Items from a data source
Segment Open

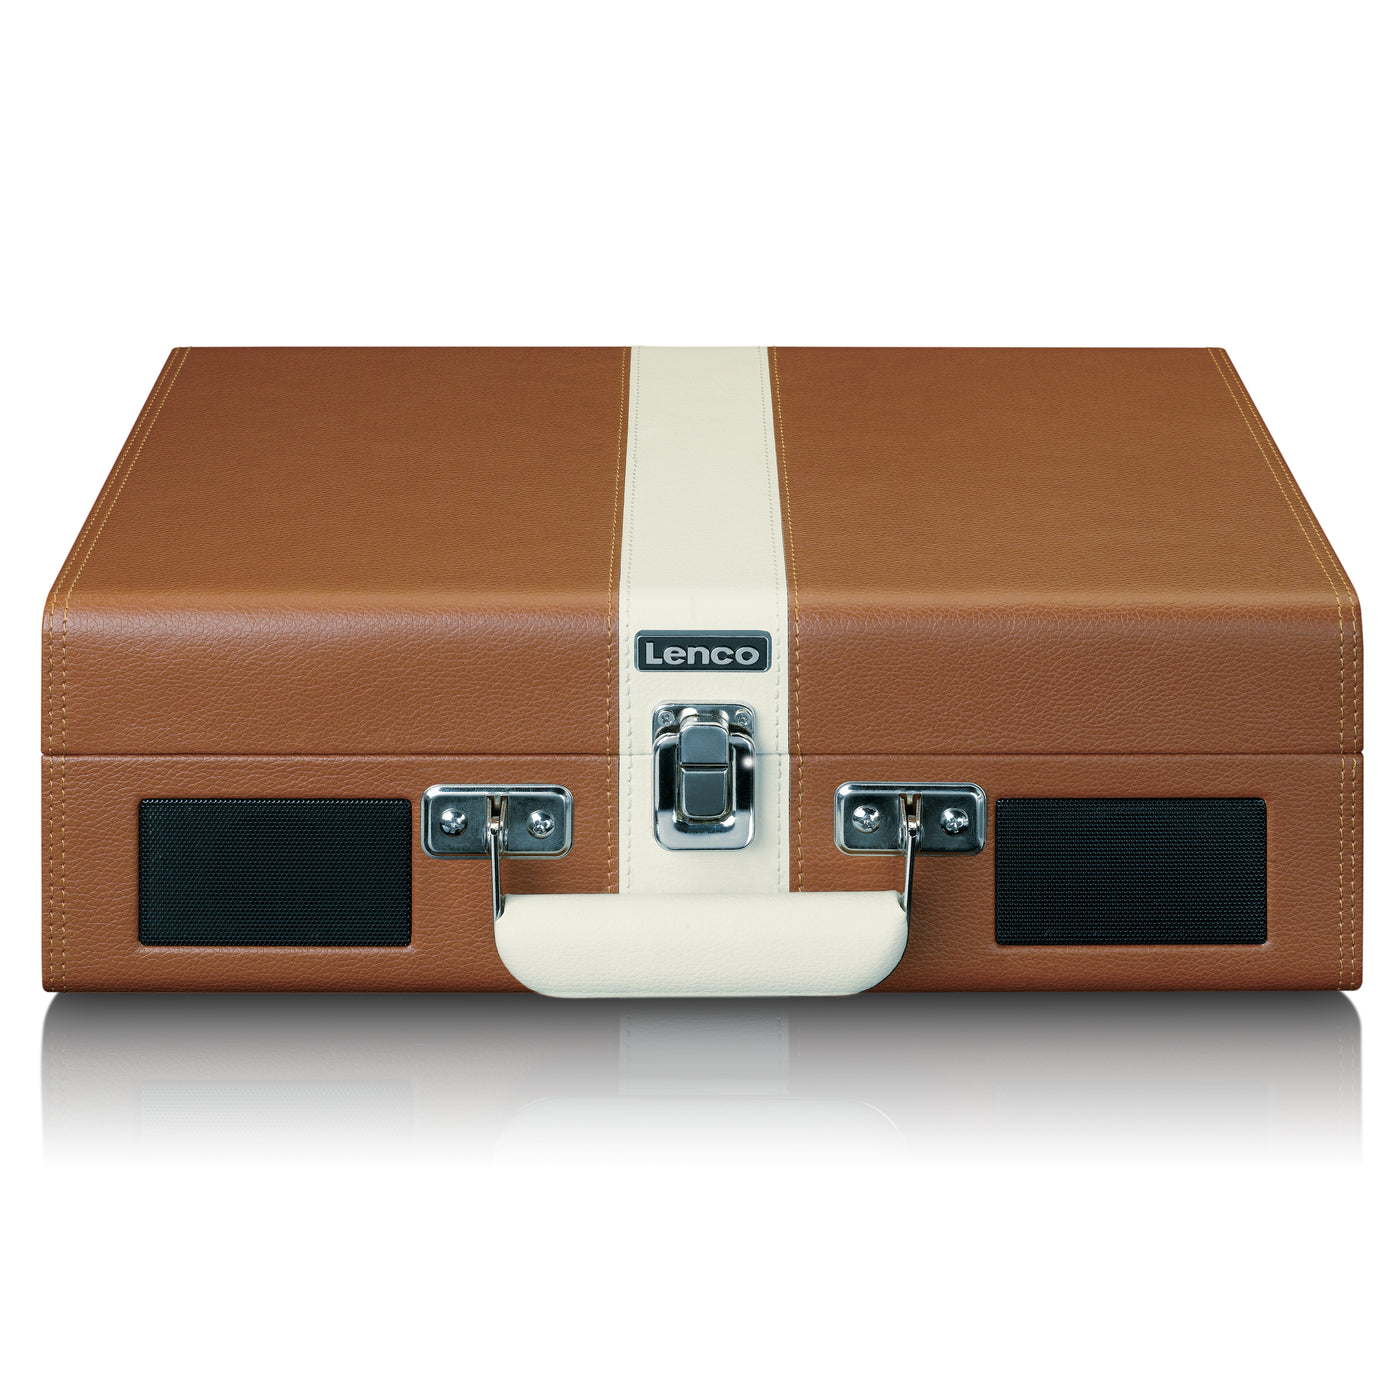 CLASSIC PHONO TT-120BNWH -  Record Player with Bluetooth® reception and built-in speakers and rechargeable battery - Brown/White
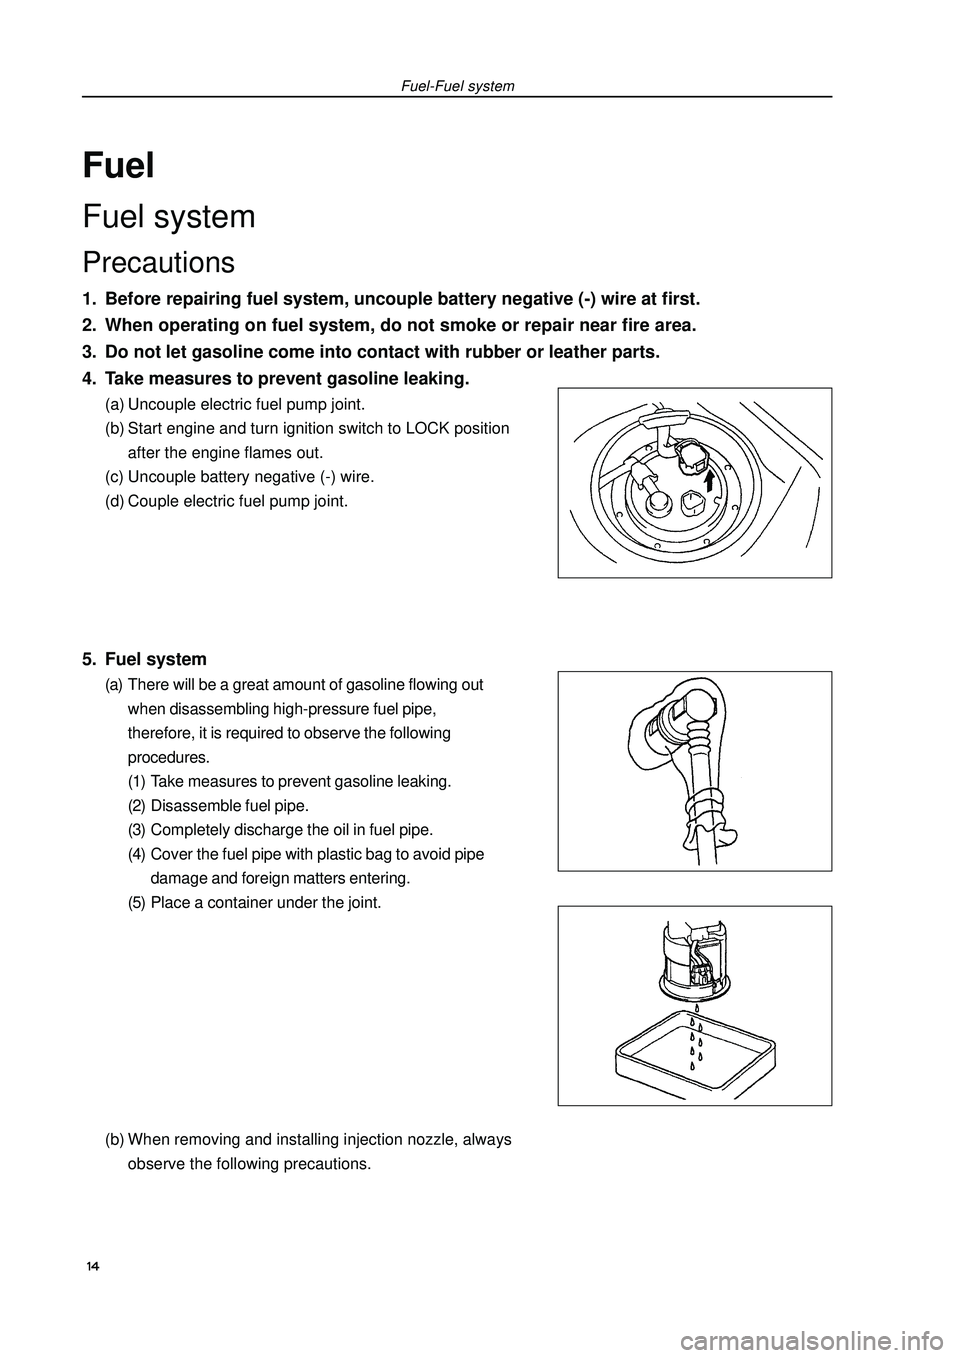 GEELY FC 2008  Workshop Manual FuelFuel systemPrecautions1. Before repairing fuel system, uncouple battery negative (-) wire at first.
2. When operating on fuel system, do not smoke or repair near fire area.
3. Do not let gasoline 
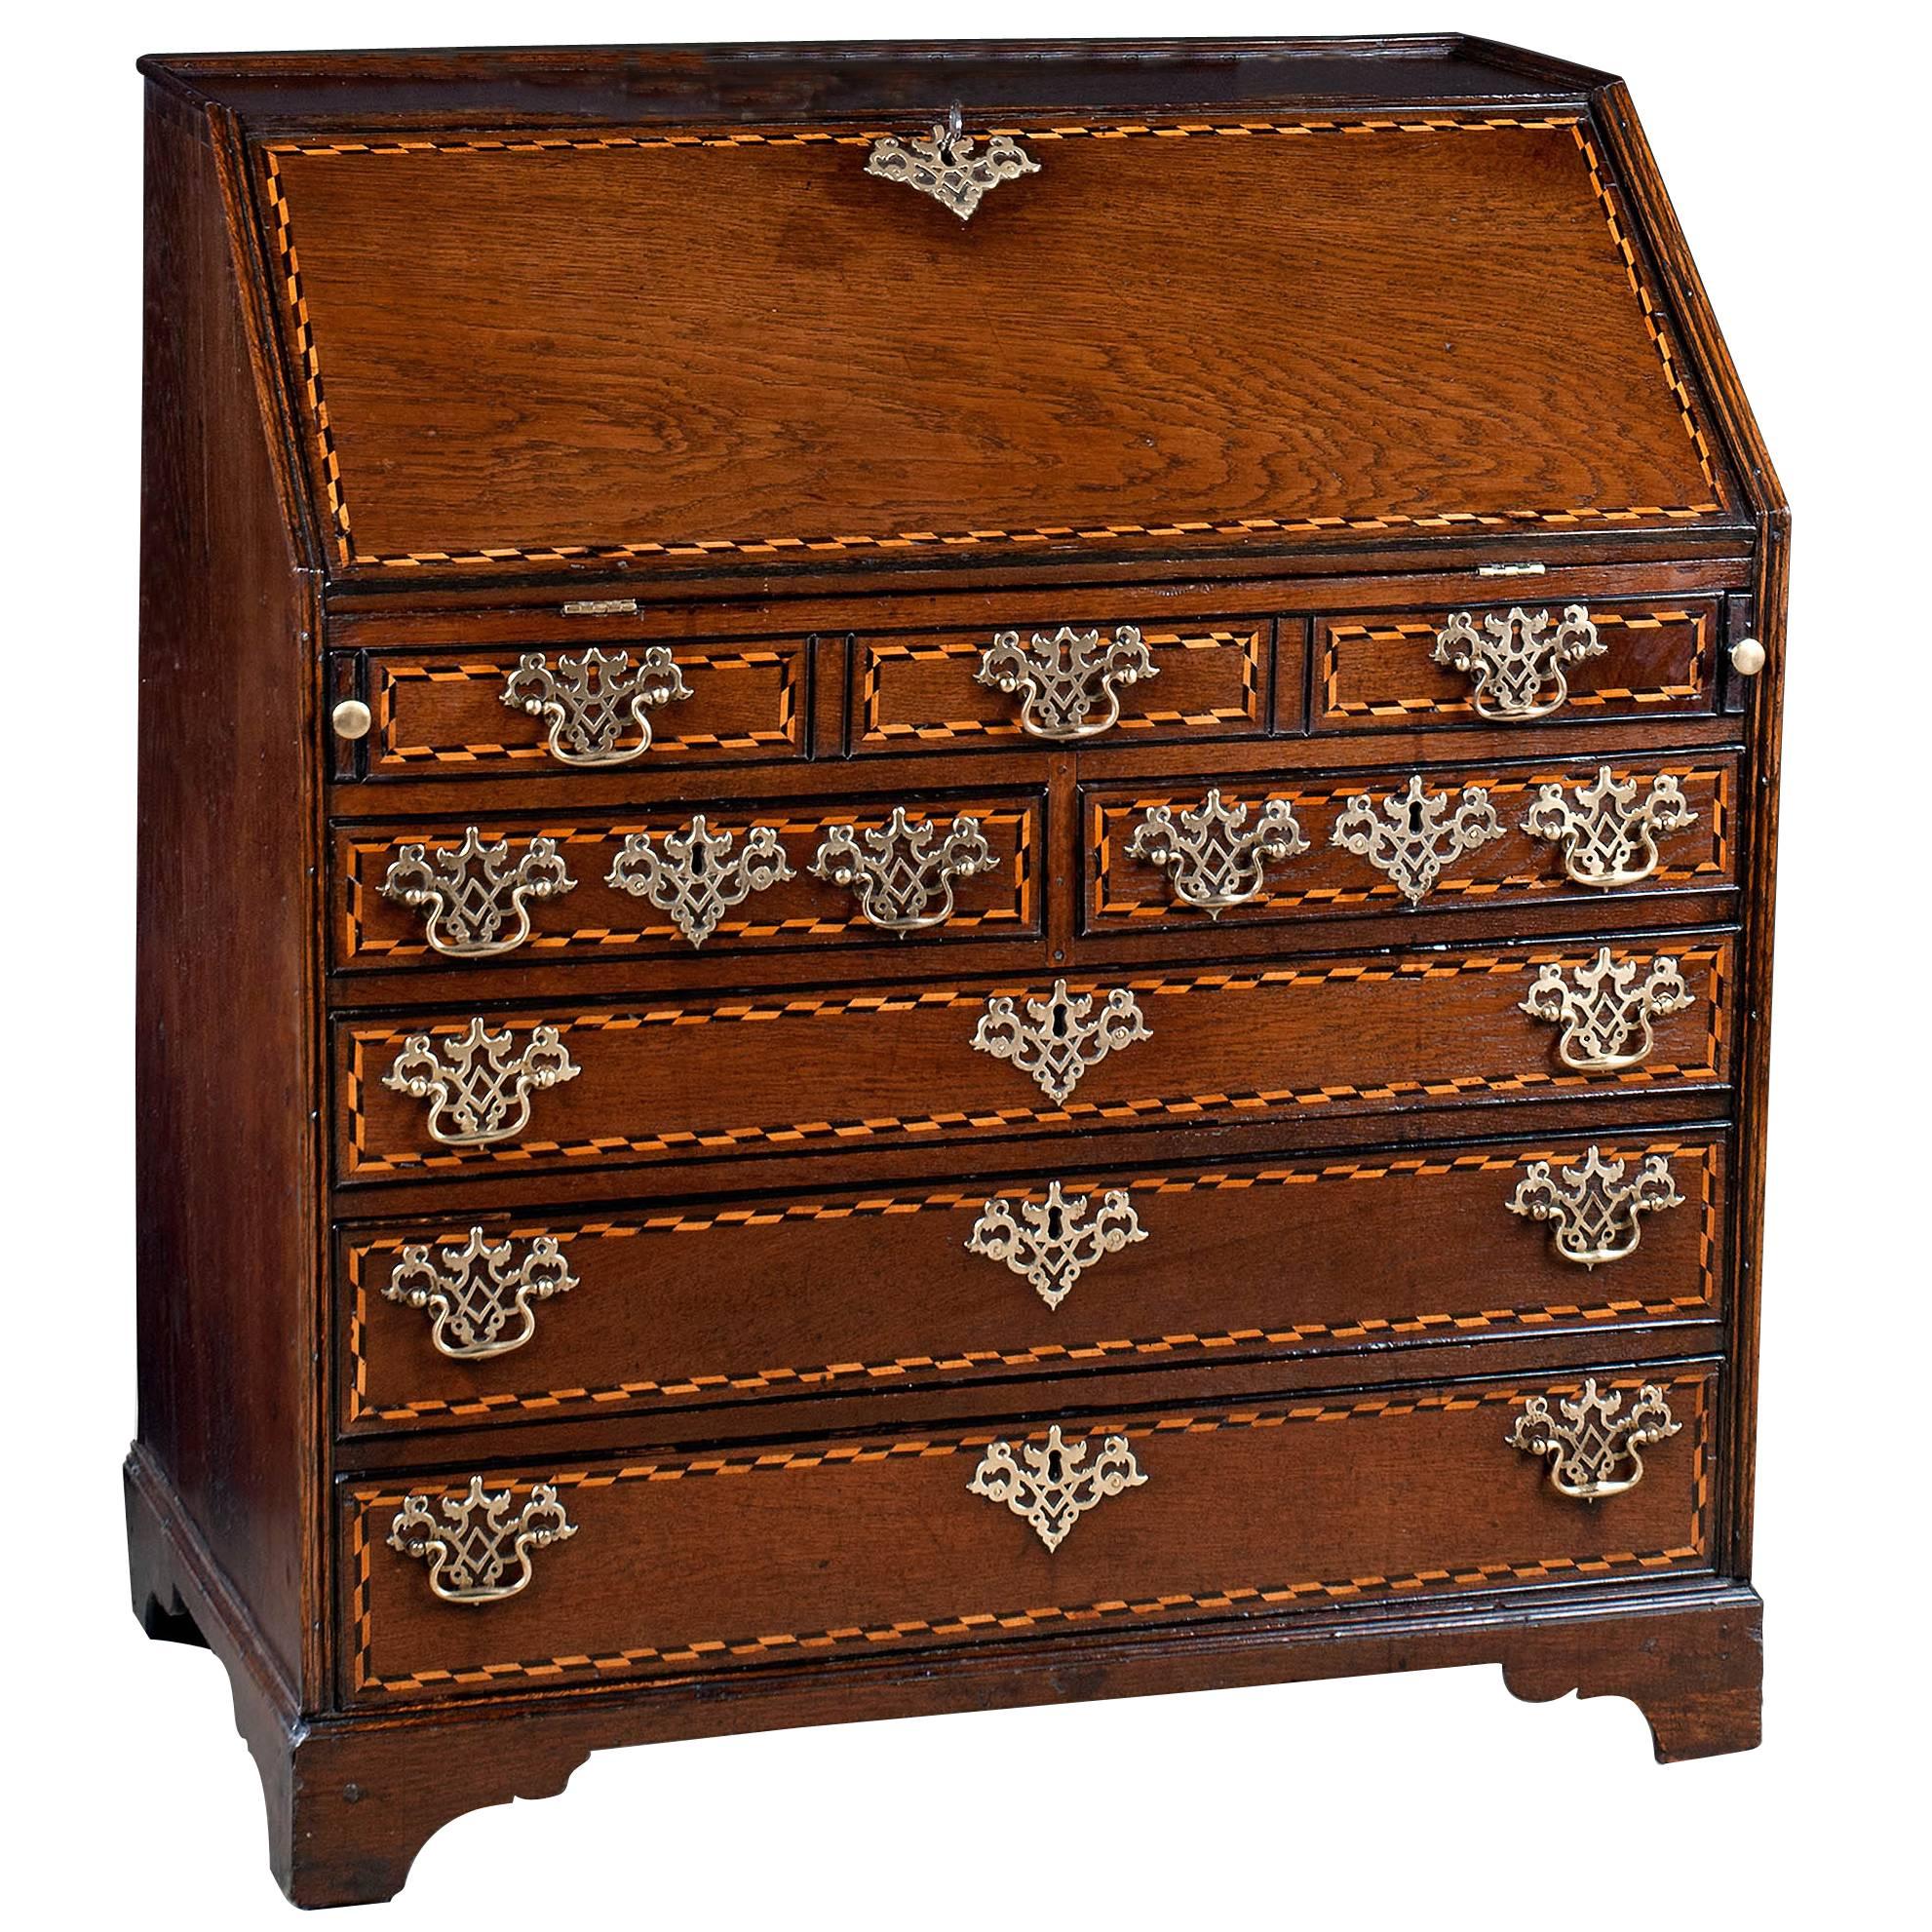 Early 18th Century Oak Bureau with Holly and Bog Oak Chequer Bandings

Segment Closed

Task requirements →
Please output the records exactly, leaving the pictures out.

Finished exercise →
 CLASSIC PHONO TT-120BNWH -  Record Player with Bluetooth® reception and built-in speakers and rechargeable battery - Brown/White
 GEELY FC 2008  Workshop Manual FuelFuel systemPrecautions1. Before repairing fuel system, uncouple battery negative (-) wire at first.
2. When operating on fuel system, do not smoke or repair near fire area.
3. Do not let gasoline 
 Early 18th Century Oak Bureau with Holly and Bog Oak Chequer Bandings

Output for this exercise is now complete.